基于 Hands-on-RL/第19章-目标导向的强化学习.ipynb at main · boyu-ai/Hands-on-RL · GitHub
理论 目标导向的强化学习
这节改动不大,官方代码基本可以直接运行,应该只有一个warning
运行环境
Debian GNU/Linux 12
Python 3.9.19
torch 2.0.1
gym 0.26.2
运行代码
HER.py
#!/usr/bin/env python
import torch
import torch.nn.functional as F
import numpy as np
import random
from tqdm import tqdm
import collections
import matplotlib.pyplot as plt
class WorldEnv:
def __init__(self):
self.distance_threshold = 0.15
self.action_bound = 1
def reset(self): # 重置环境
# 生成一个目标状态, 坐标范围是[3.5~4.5, 3.5~4.5]
self.goal = np.array(
[4 + random.uniform(-0.5, 0.5), 4 + random.uniform(-0.5, 0.5)])
self.state = np.array([0, 0]) # 初始状态
self.count = 0
return np.hstack((self.state, self.goal))
def step(self, action):
action = np.clip(action, -self.action_bound, self.action_bound)
x = max(0, min(5, self.state[0] + action[0]))
y = max(0, min(5, self.state[1] + action[1]))

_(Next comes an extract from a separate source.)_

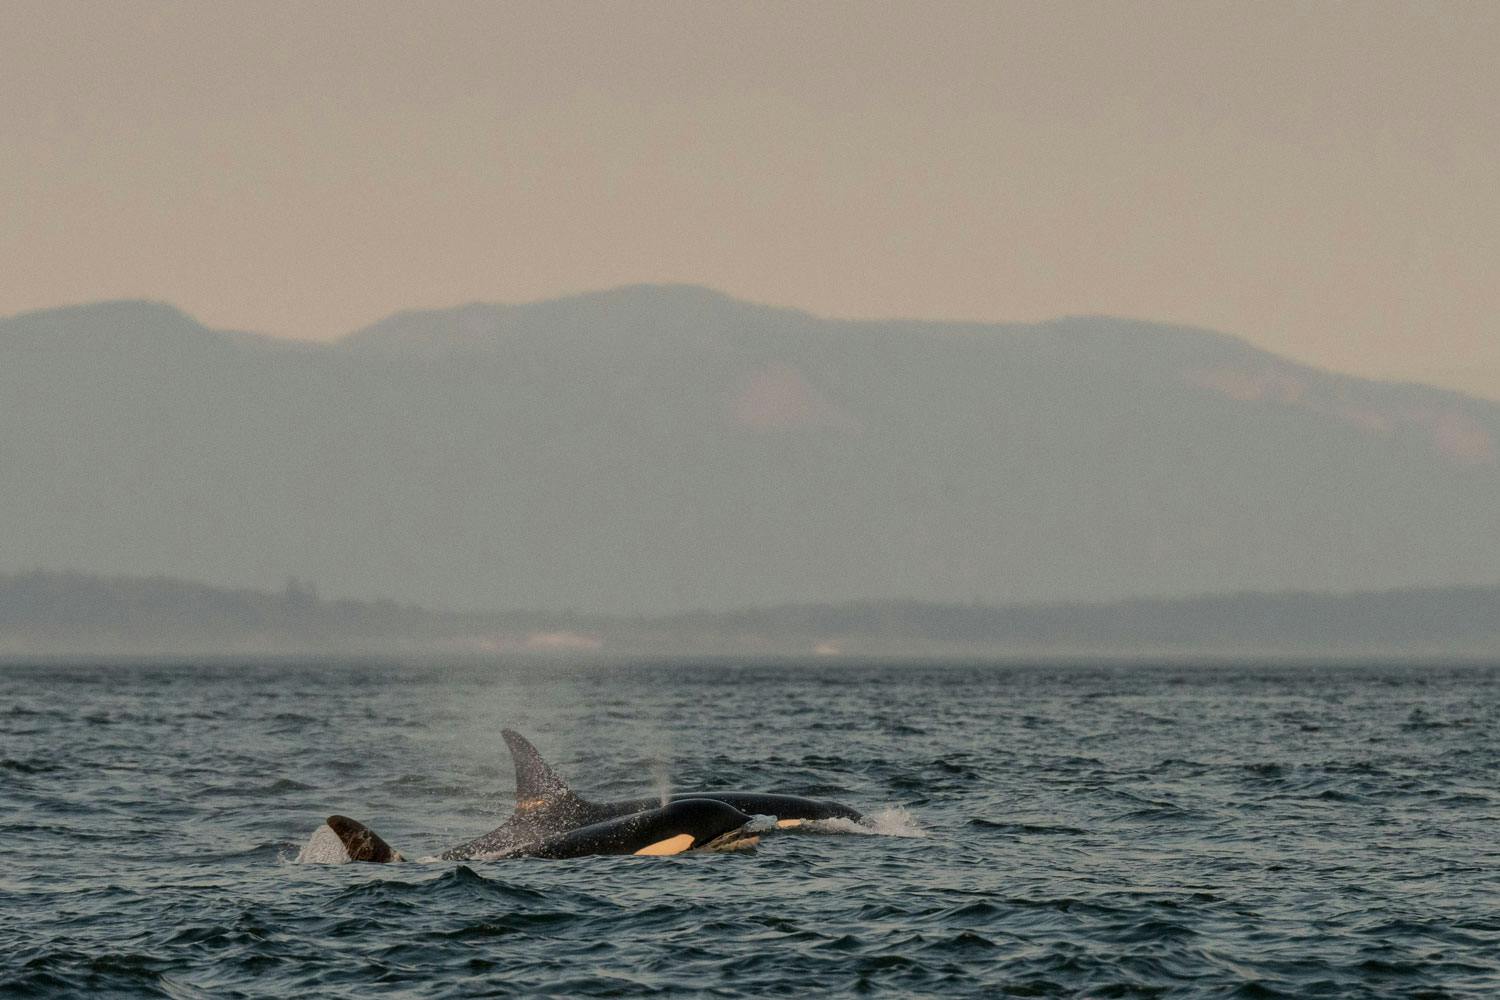 Two orcas surface, one spraying water from its blowhole. Mountains sit in the background, obscured by a light haze.

self.state = np.array([x, y])
self.count += 1
dis = np.sqrt(np.sum(np.square(self.state - self.goal)))
reward = -1.0 if dis > self.distance_threshold else 0
if dis <= self.distance_threshold or self.count == 50:
done = True
else:
done = False
return np.hstack((self.state, self.goal)), reward, done
class PolicyNet(torch.nn.Module):
def __init__(self, state_dim, hidden_dim, action_dim, action_bound):
super(PolicyNet, self).__init__()
self.fc1 = torch.nn.Linear(state_dim, hidden_dim)

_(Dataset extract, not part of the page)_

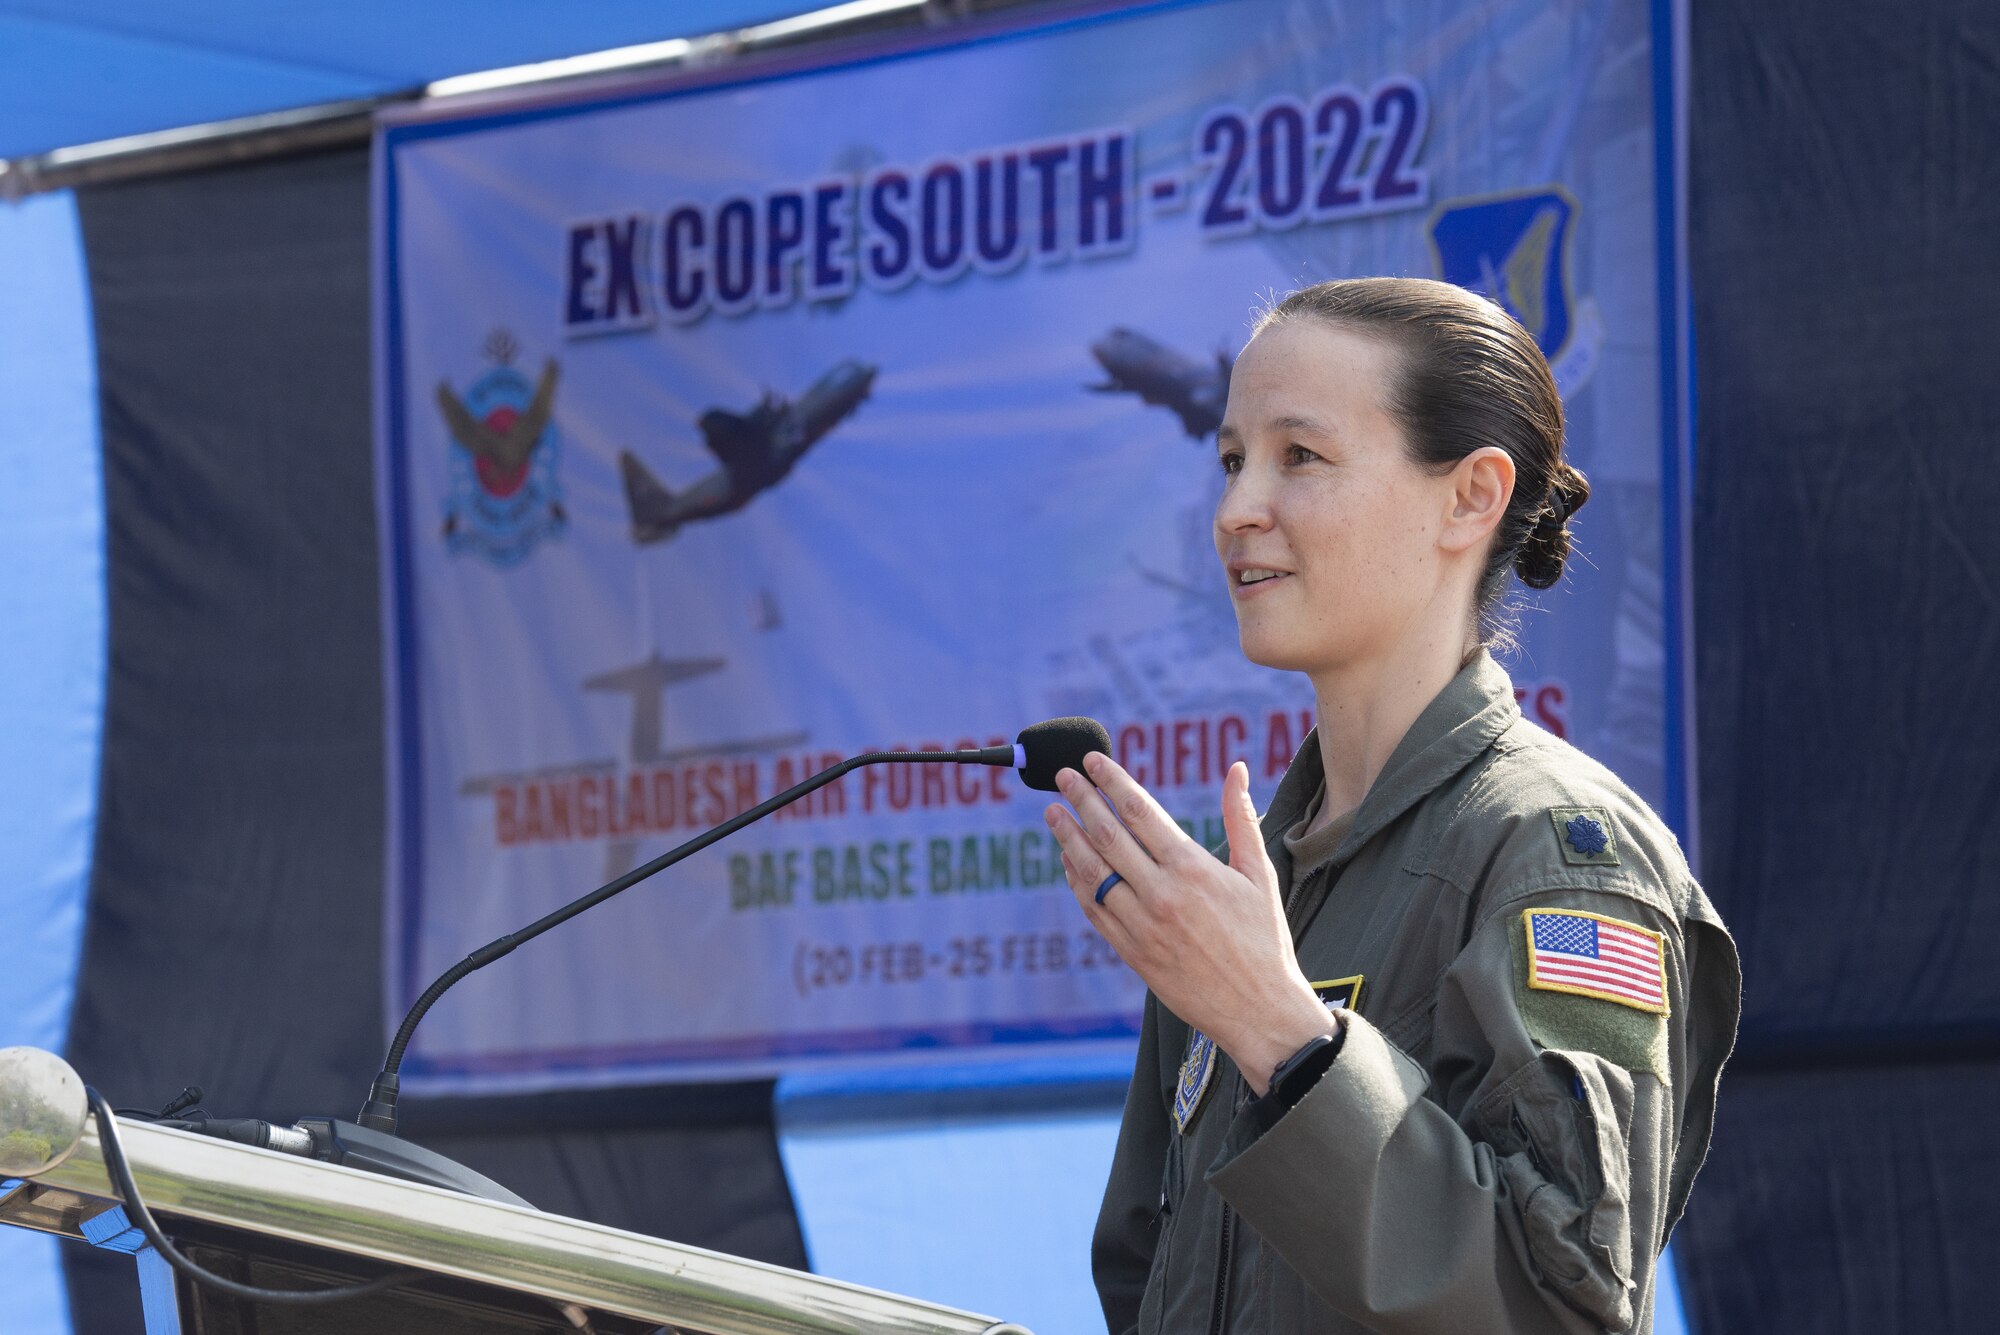 U.S. Air Force Lt. Col. Kira Coffey, 36th Expeditionary Airlift Squadron Commander, addresses the importance of the partnership between the U.S. Air Force and Bangladesh Air Force (BAF) to participants of Exercise Cope South 2022 during the exercise’s opening ceremony Feb. 19, 2022, at BAF Base Bangabandhu, Bangladesh.

self.fc2 = torch.nn.Linear(hidden_dim, hidden_dim)
self.fc3 = torch.nn.Linear(hidden_dim, action_dim)
self.action_bound = action_bound # action_bound是环境可以接受的动作最大值
def forward(self, x):
x = F.relu(self.fc2(F.relu(self.fc1(x))))
return torch.tanh(self.fc3(x)) * self.action_bound
class QValueNet(torch.nn.Module):
def __init__(self, state_dim, hidden_dim, action_dim):
super(QValueNet, self).__init__()
self.fc1 = torch.nn.Linear(state_dim + action_dim, hidden_dim)
self.fc2 = torch.nn.Linear(hidden_dim, hidden_dim)
self.fc3 = torch.nn.Linear(hidden_dim, 1)
def forward(self, x, a):
cat = torch.cat([x, a], dim=1) # 拼接状态和动作
x = F.relu(self.fc2(F.relu(self.fc1(cat))))
return self.fc3(x)
class DDPG:
''' DDPG算法 '''
def __init__(self, state_dim, hidden_dim, action_dim, action_bound,
actor_lr, critic_lr, sigma, tau, gamma, device):
self.action_dim = action_dim
self.actor = PolicyNet(state_dim, hidden_dim, action_dim,
action_bound).to(device)
self.critic = QValueNet(state_dim, hidden_dim, action_dim).to(device)
self.target_actor = PolicyNet(state_dim, hidden_dim, action_dim,
action_bound).to(device)
self.target_critic = QValueNet(state_dim, hidden_dim,
action_dim).to(device)
# 初始化目标价值网络并使其参数和价值网络一样
self.target_critic.load_state_dict(self.critic.state_dict())
# 初始化目标策略网络并使其参数和策略网络一样
self.target_actor.load_state_dict(self.actor.state_dict())
self.actor_optimizer = torch.optim.Adam(self.actor.parameters(),
lr=actor_lr)
self.critic_optimizer = torch.optim.Adam(self.critic.parameters(),
lr=critic_lr)
self.gamma = gamma
self.sigma = sigma # 高斯噪声的标准差,均值直接设为0
self.tau = tau # 目标网络软更新参数
self.action_bound = action_bound
self.device = device
def take_action(self, state):
state = torch.tensor(np.array([state]), dtype=torch.float).to(self.device)
action = self.actor(state).detach().cpu().numpy()[0]
# 给动作添加噪声,增加探索
action = action + self.sigma * np.random.randn(self.action_dim)
return action
def soft_update(self, net, target_net):
for param_target, param in zip(target_net.parameters(),
net.parameters()):
param_target.data.copy_(param_target.data * (1.0 - self.tau) +
param.data * self.tau)
def update(self, transition_dict):
states = torch.tensor(transition_dict['states'],
dtype=torch.float).to(self.device)
actions = torch.tensor(transition_dict['actions'],
dtype=torch.float).to(self.device)
rewards = torch.tensor(transition_dict['rewards'],
dtype=torch.float).view(-1, 1).to(self.device)
next_states = torch.tensor(transition_dict['next_states'],
dtype=torch.float).to(self.device)
dones = torch.tensor(transition_dict['dones'],
dtype=torch.float).view(-1, 1).to(self.device)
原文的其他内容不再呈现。